### WHAT TO WORK ON
Up to and including the line that holds "Фасоны платьев 2019: модные тенденции", print the data exactly from its first line; do not print the pictures.

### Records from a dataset
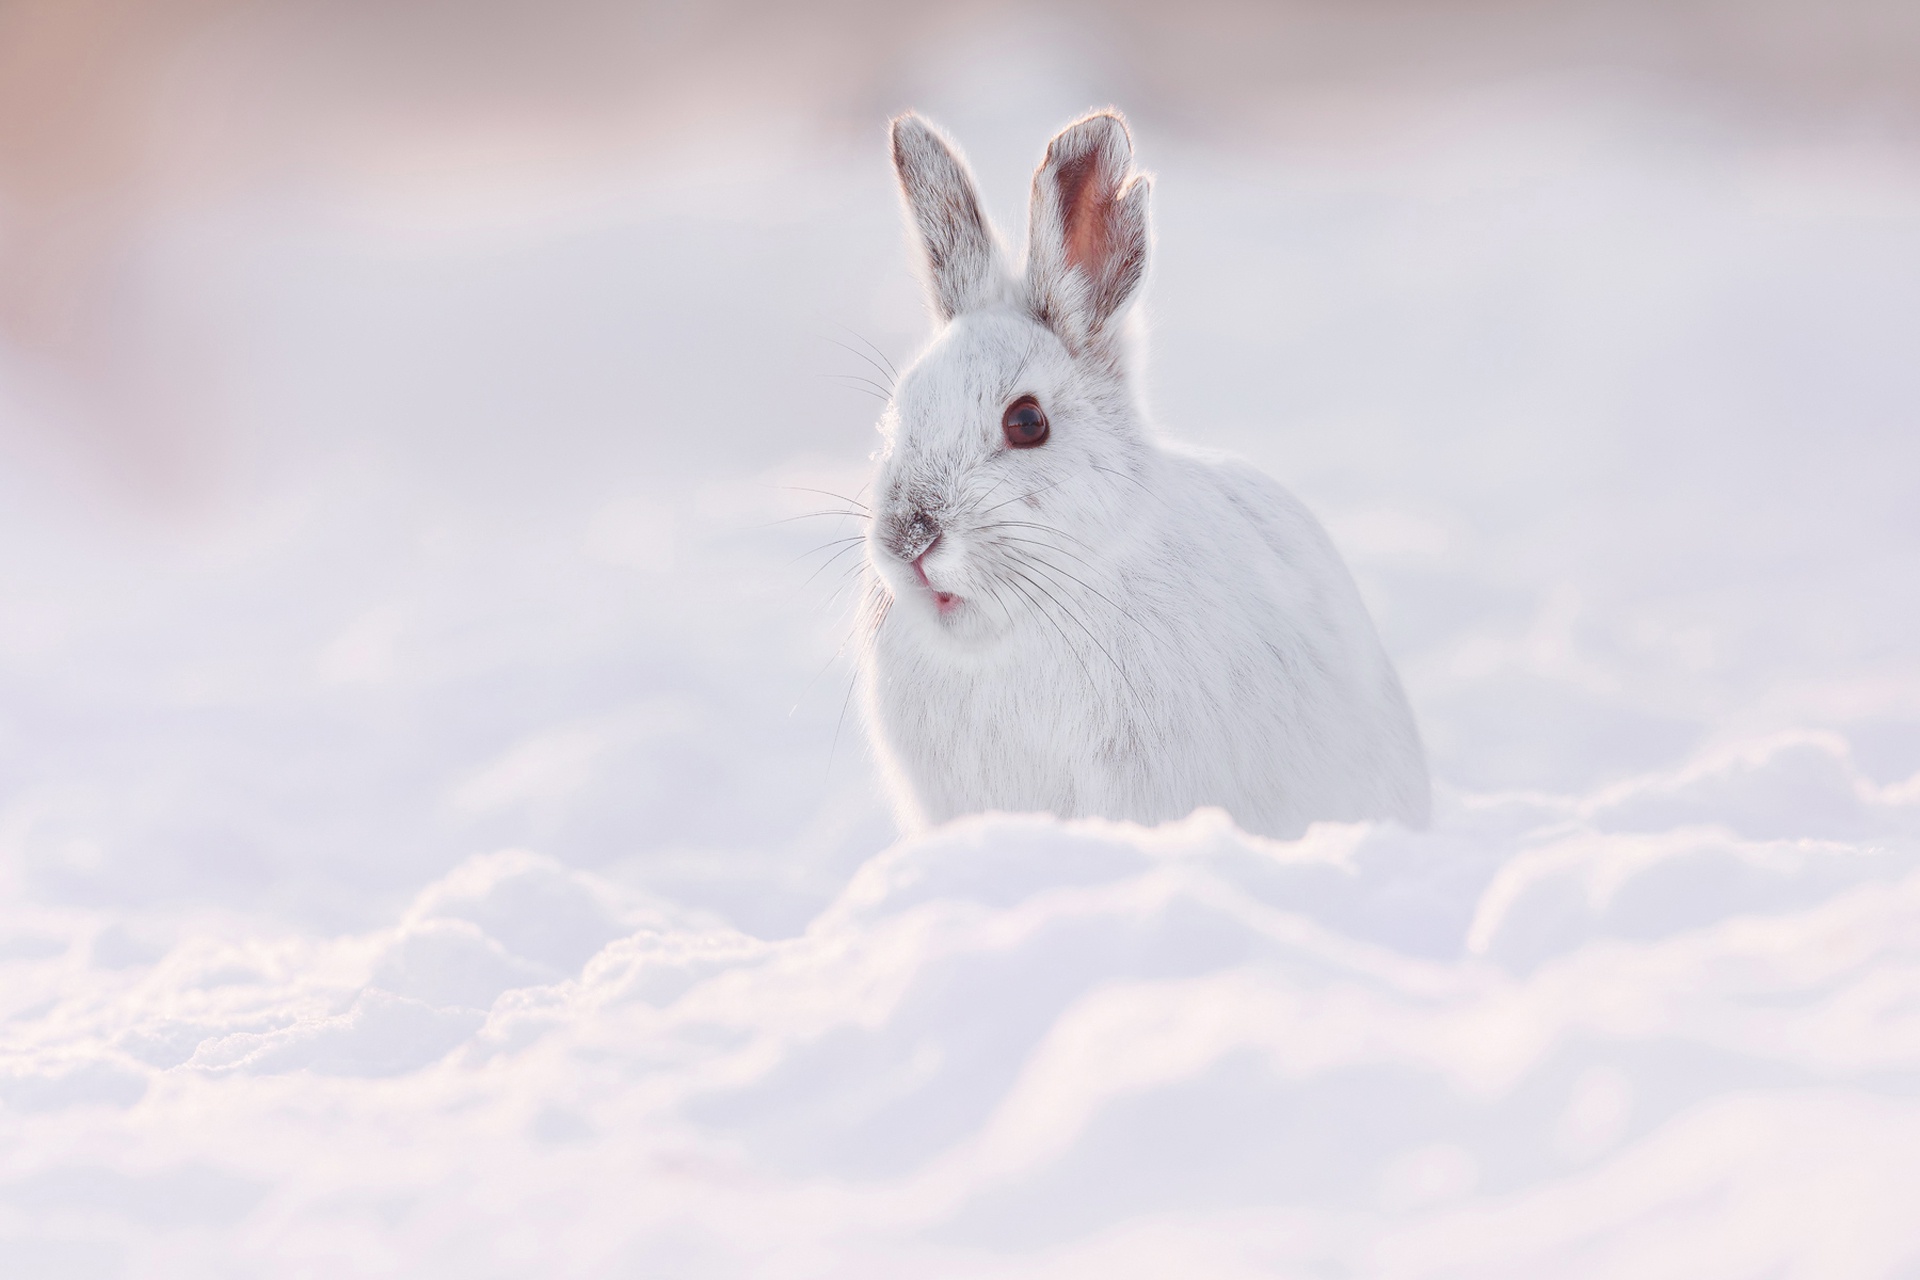 Descarga gratuita de fondo de pantalla para móvil de Animales, Invierno, Nieve, Liebre.
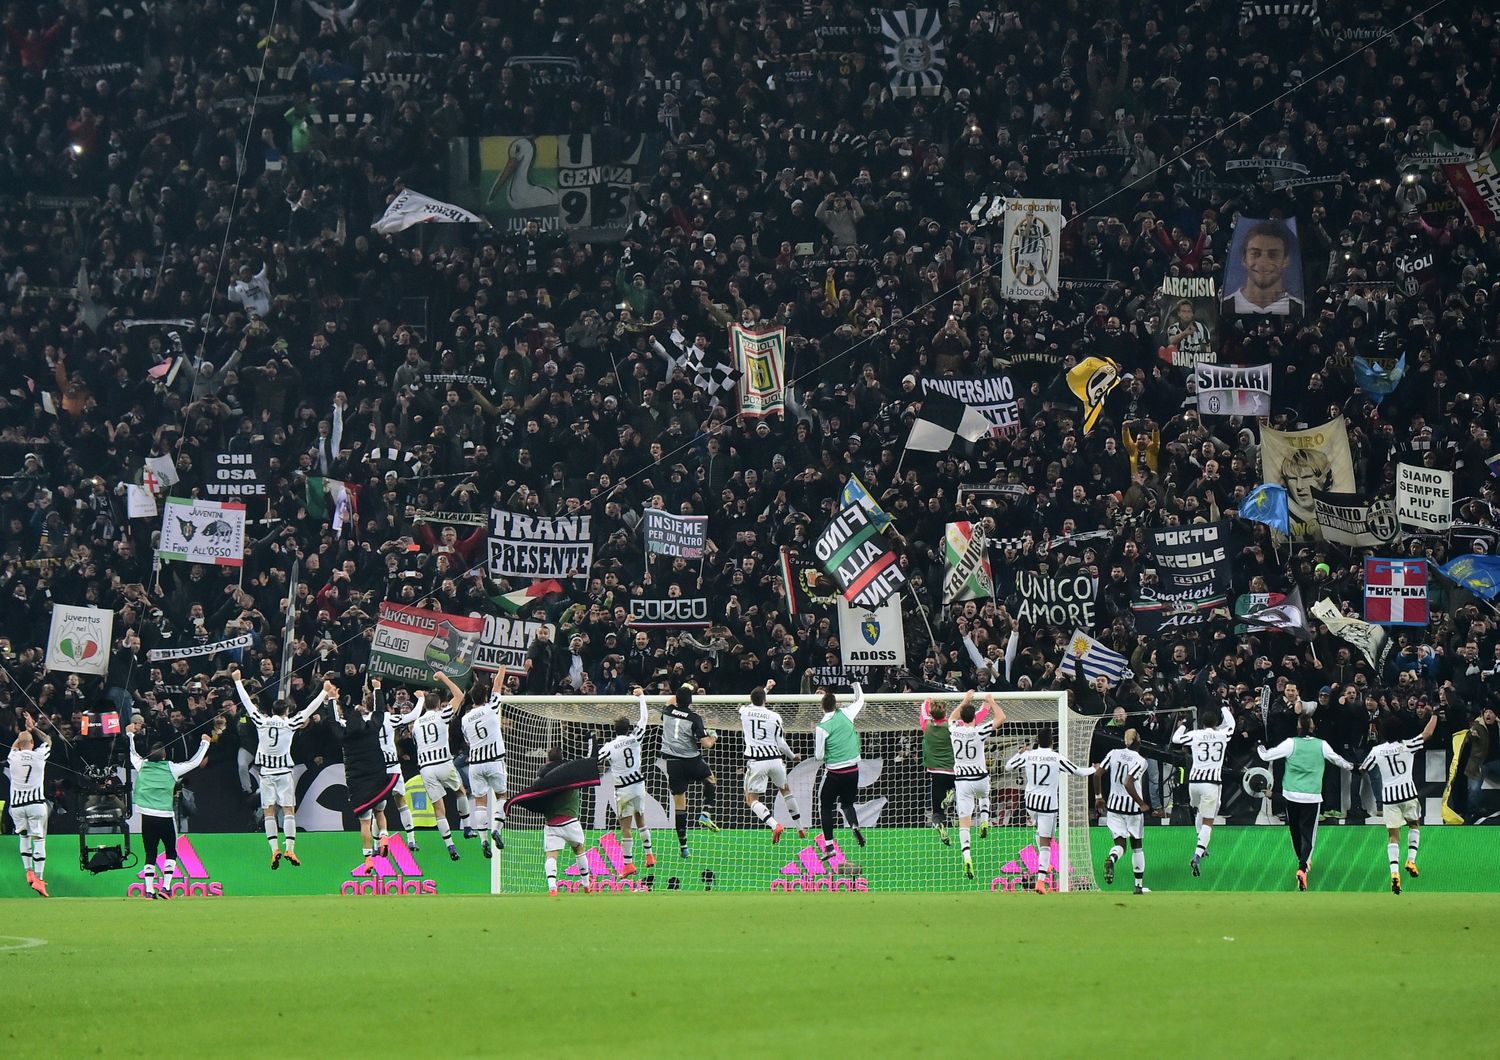 L'esultazione dei giocatori della Juventus con i tifosi dopo la vittoria con il Napoli, 13 febbraio 2016
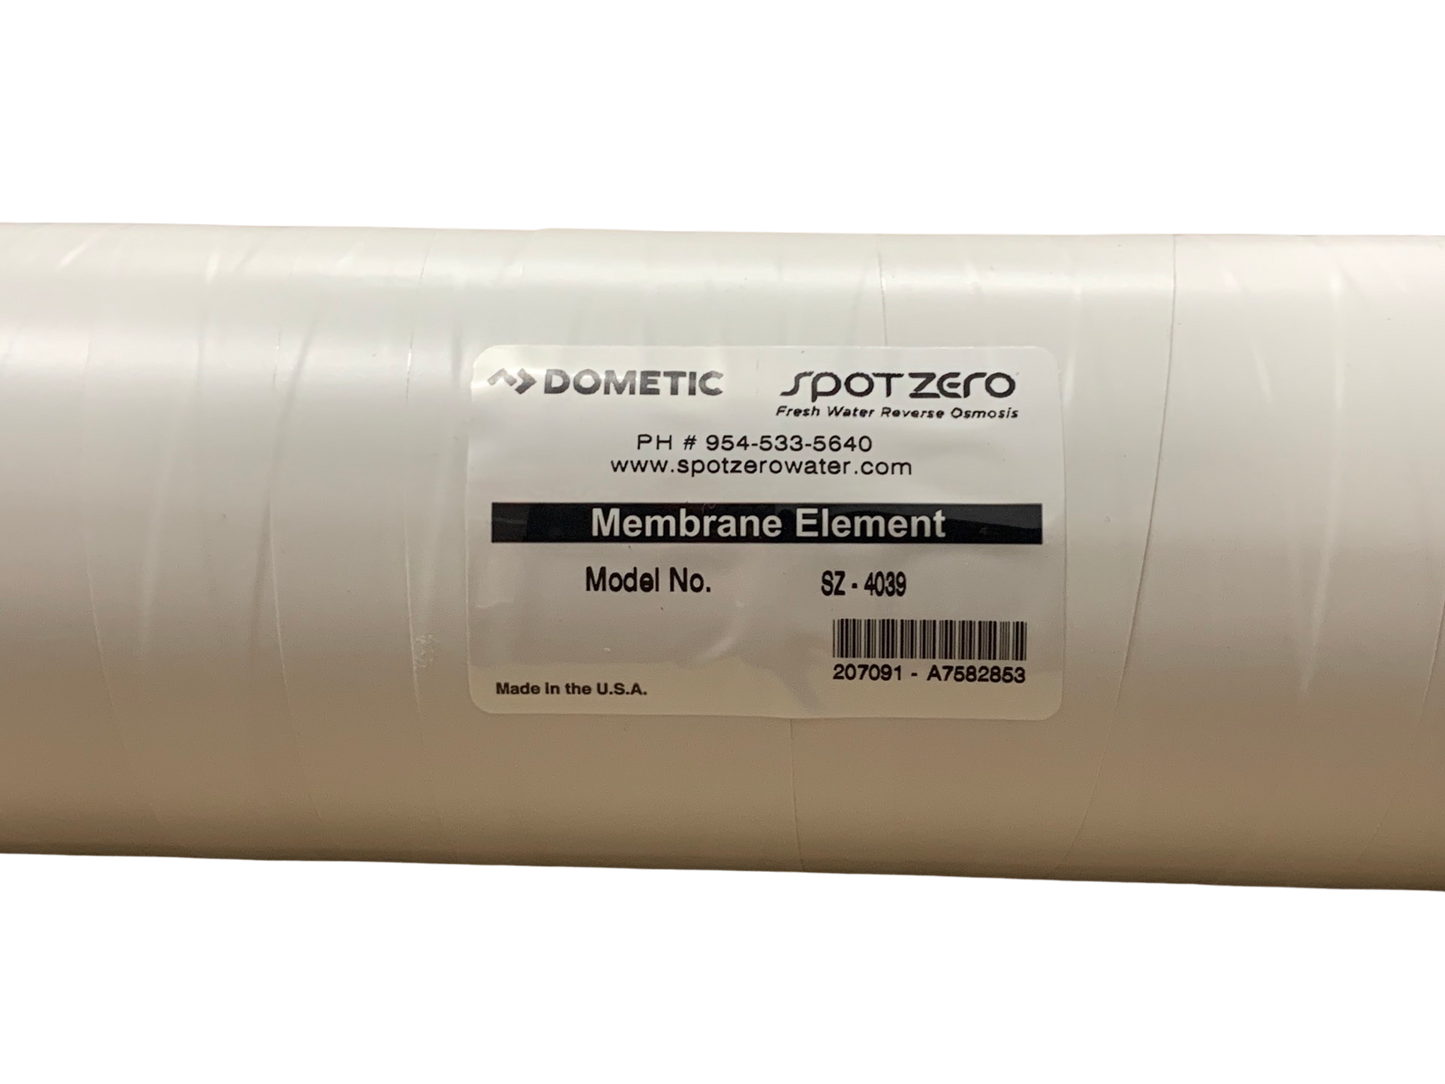 Spot Zero 4039 Membrane (PVC Black Ends)
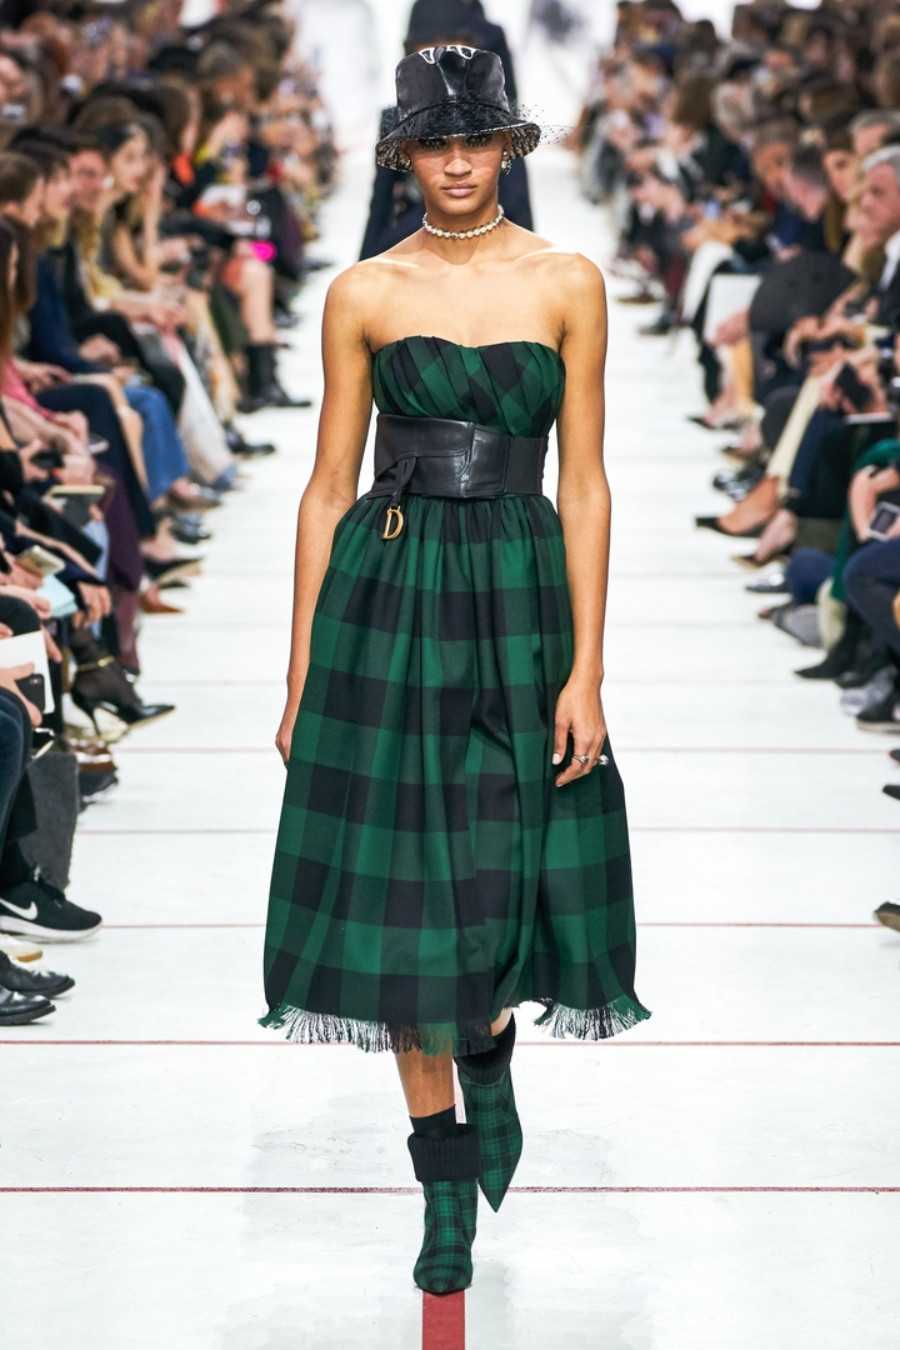 Фасоны платьев 2019: модные тенденции
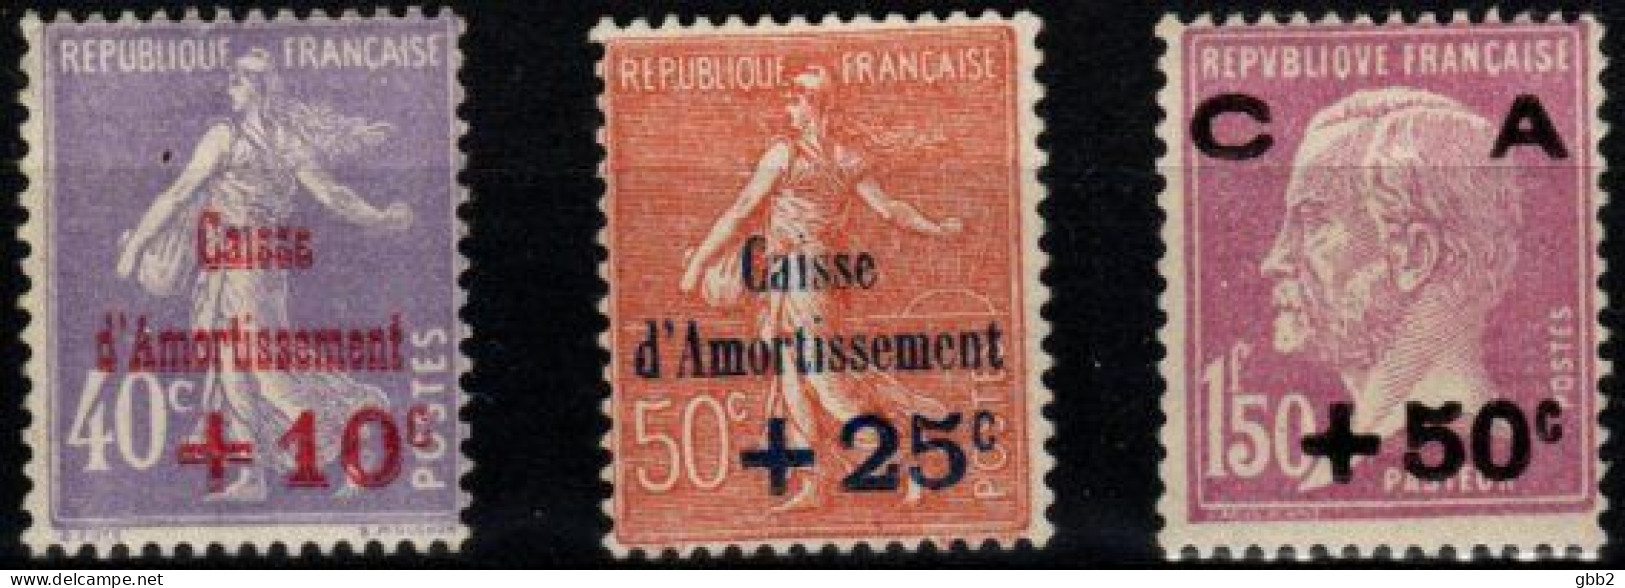 FRANCE - YT N° 249 à 251 "Caisse D'amortissement" 2ème Série. Neuf** LUXE. - 1927-31 Cassa Di Ammortamento

### OUTPUT FOR THIS EXERCISE
 Descarga gratuita de fondo de pantalla para móvil de Animales, Invierno, Nieve, Liebre.
 L'esultazione dei giocatori della Juventus con i tifosi dopo la vittoria con il Napoli, 13 febbraio 2016
 Spot Zero 4039 Membrane (PVC Black Ends)
 Фасоны платьев 2019: модные тенденции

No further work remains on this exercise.